Or install from source (recommended for the latest features):

git clone https://github.com/slavenskoj/raku-dawg.git
cd raku-dawg
zef install .

Note: When using save/load functionality, it's recommended to use the binary format methods (save-binary and load) as they provide better performance and reliability compared to JSON serialization.

Quick Start

use DAWG;

# Create a new DAWG
my $dawg = DAWG.new;

# Add words
$dawg.add("apple");
$dawg.add("application", 42);    # with optional value
$dawg.add("apply", { id => 3 }); # any value type

# Minimize the structure (do this after adding all words)
$dawg.minimize;

# Check if words exist
say $dawg.contains("apple");     # True
say $dawg.contains("banana");    # False

# Lookup with values
my $result = $dawg.lookup("application");
say $result<value>;  # 42

# Find all words with a prefix
my @words = $dawg.find-prefixes("app");
# Returns: ["apple", "application", "apply"]

# Save and load
$dawg.save("my-dictionary.dawg.json");        # JSON format
$dawg.save-binary("my-dictionary.dawg.bin");  # Binary format
my $loaded = DAWG.load("my-dictionary.dawg.bin");  # Auto-detects format

Advanced Search Features

The DAWG module includes separate search modules for pattern matching and fuzzy search:

use DAWG::Search::Pattern;
use DAWG::Search::Fuzzy;

# Pattern matching with wildcards
my $pattern-search = DAWG::Search::Pattern.new(:$dawg);
my @matches = $pattern-search.find('a?p*');     # apple, apply, application
@matches = $pattern-search.find('*tion');       # application, creation, etc.

# Fuzzy search with edit distance  
my $fuzzy-search = DAWG::Search::Fuzzy.new(:$dawg);
my @suggestions = $fuzzy-search.search('aple', :max-distance(2));
# Returns: [{word => 'apple', distance => 1}, ...]

# Find closest matches
my @closest = $fuzzy-search.closest('compter', :limit(3));
# Returns the 3 closest words by edit distance

Example: Spell Checker

The DAWG module includes a complete spell checker example that demonstrates fuzzy matching capabilities:

# Run in demo mode
raku examples/spell-checker.raku

# Run in interactive mode
raku examples/spell-checker.raku --interactive

# Customize parameters
raku examples/spell-checker.raku --max-distance=3 --suggestions=10

The spell checker demonstrates:

Example output:

Checking 'helo' (Missing letter): ✗ Misspelled
  Suggestions: hello (distance: 1)

Checking 'wrold' (Transposed letters): ✗ Misspelled
  Suggestions: world (distance: 2), word (distance: 2)

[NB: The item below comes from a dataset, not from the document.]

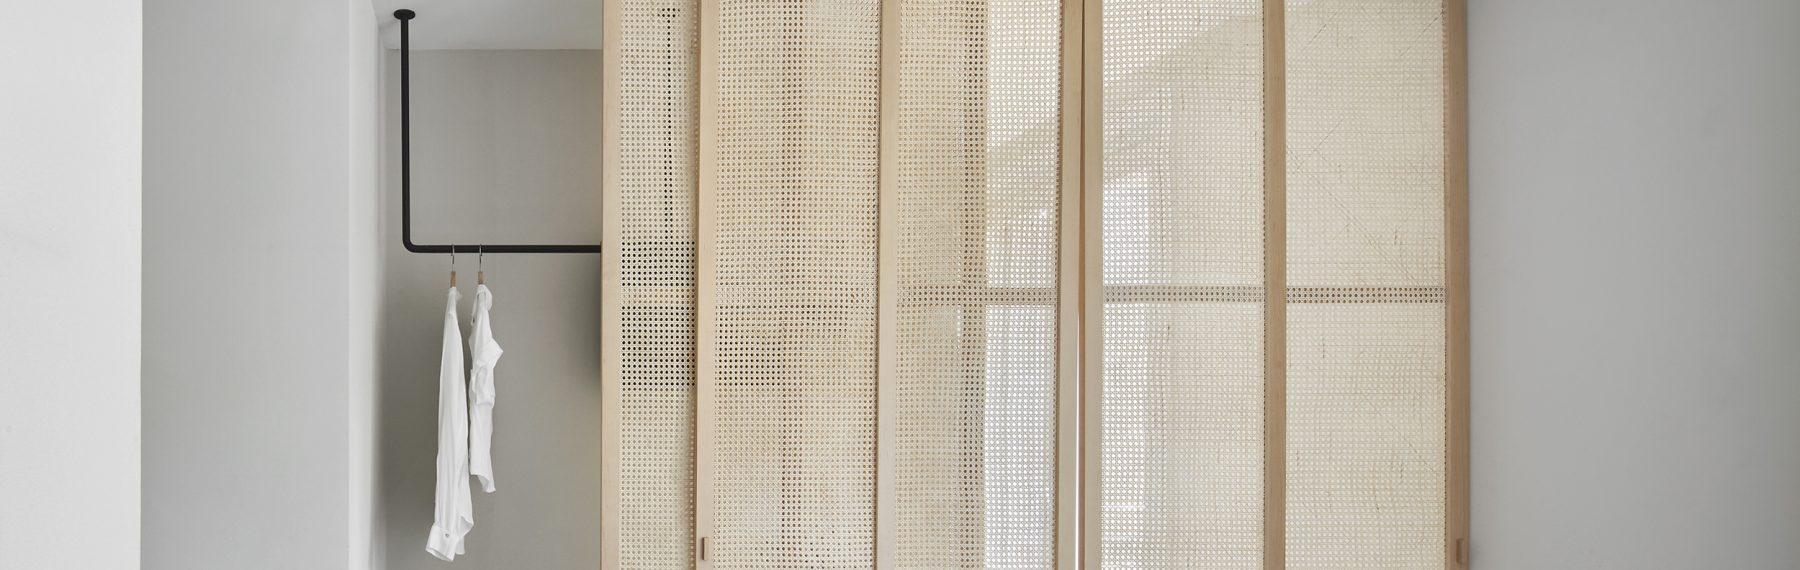 Interiorismo barcelona miriam barrio - Miriam barrio ...
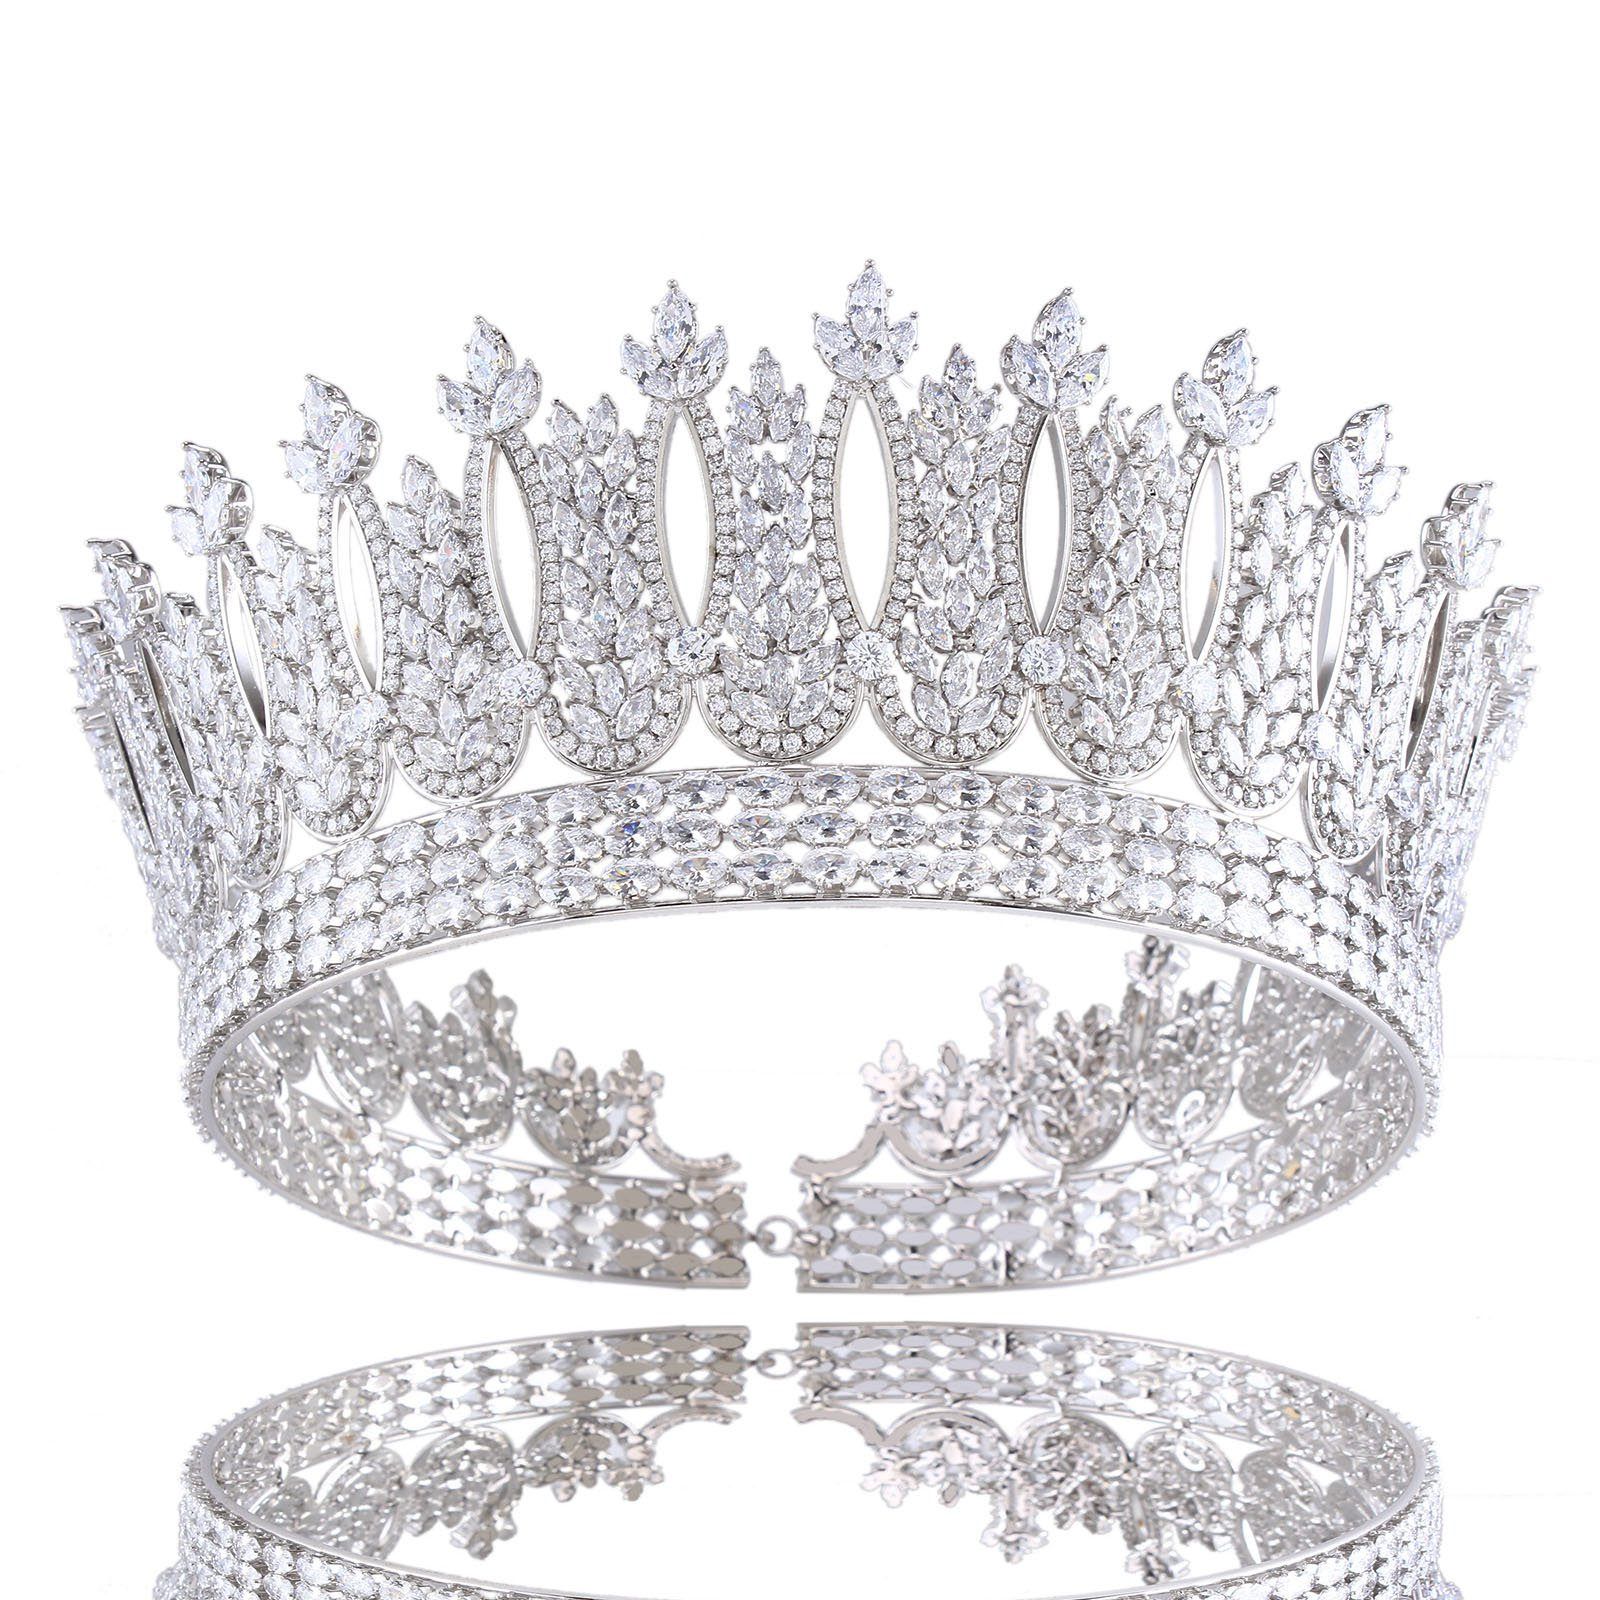 Santfe 2 3/5 ''Height Cubic Zirconia CZ Wedding Bride Crown Tiara Headband Hair Jewelry Accessories

Checking 'algorythm' (Common misspelling): ✗ Misspelled
  Suggestions: algorithm (distance: 1)

API Reference

Methods

new()

Creates a new empty DAWG.

add(Str $word, $value?)

Adds a word to the DAWG with an optional associated value. Automatically upgrades the DAWG type when necessary:

For compressed Unicode DAWGs, throws an error only if reserved mapping characters are used.

contains(Str $word) --> Bool

Returns True if the word exists in the DAWG.

lookup(Str $word) --> Hash

Returns a hash with the word and its associated value, or Nil if not found.

find-prefixes(Str $prefix) --> Array

Returns an array of all words that start with the given prefix.

all-words() --> Array

Returns an array of all words in the DAWG.

minimize()

Minimizes the DAWG by merging equivalent nodes. Call this after adding all words for optimal space efficiency.

save(Str $filename)

Saves the DAWG to a file in JSON format.

save-binary(Str $filename)

Saves the DAWG to a file in binary format (more compact, faster loading).

load(Str $filename) --> DAWG

Class method that loads a DAWG from a file (auto-detects format).

load-json(Str $filename) --> DAWG

Class method that loads a DAWG from a JSON file.

load-json-compressed(Str $filename) --> DAWG

Class method that loads a DAWG from JSON with automatic Unicode compression detection. Analyzes all characters in the JSON data values and applies compression if the total count of unique alphanumeric/special characters (a-zA-Z0-9#_@=<>!?) plus unique Unicode characters is ≤89. When compressed, each Unicode character is mapped to an unused single-byte slot for 75% space savings.

load-binary(Str $filename) --> DAWG

Class method that loads a DAWG from a binary file.

stats() --> Hash

Returns statistics about the DAWG:

rebuild(Bool :$try-compress-unicode = False)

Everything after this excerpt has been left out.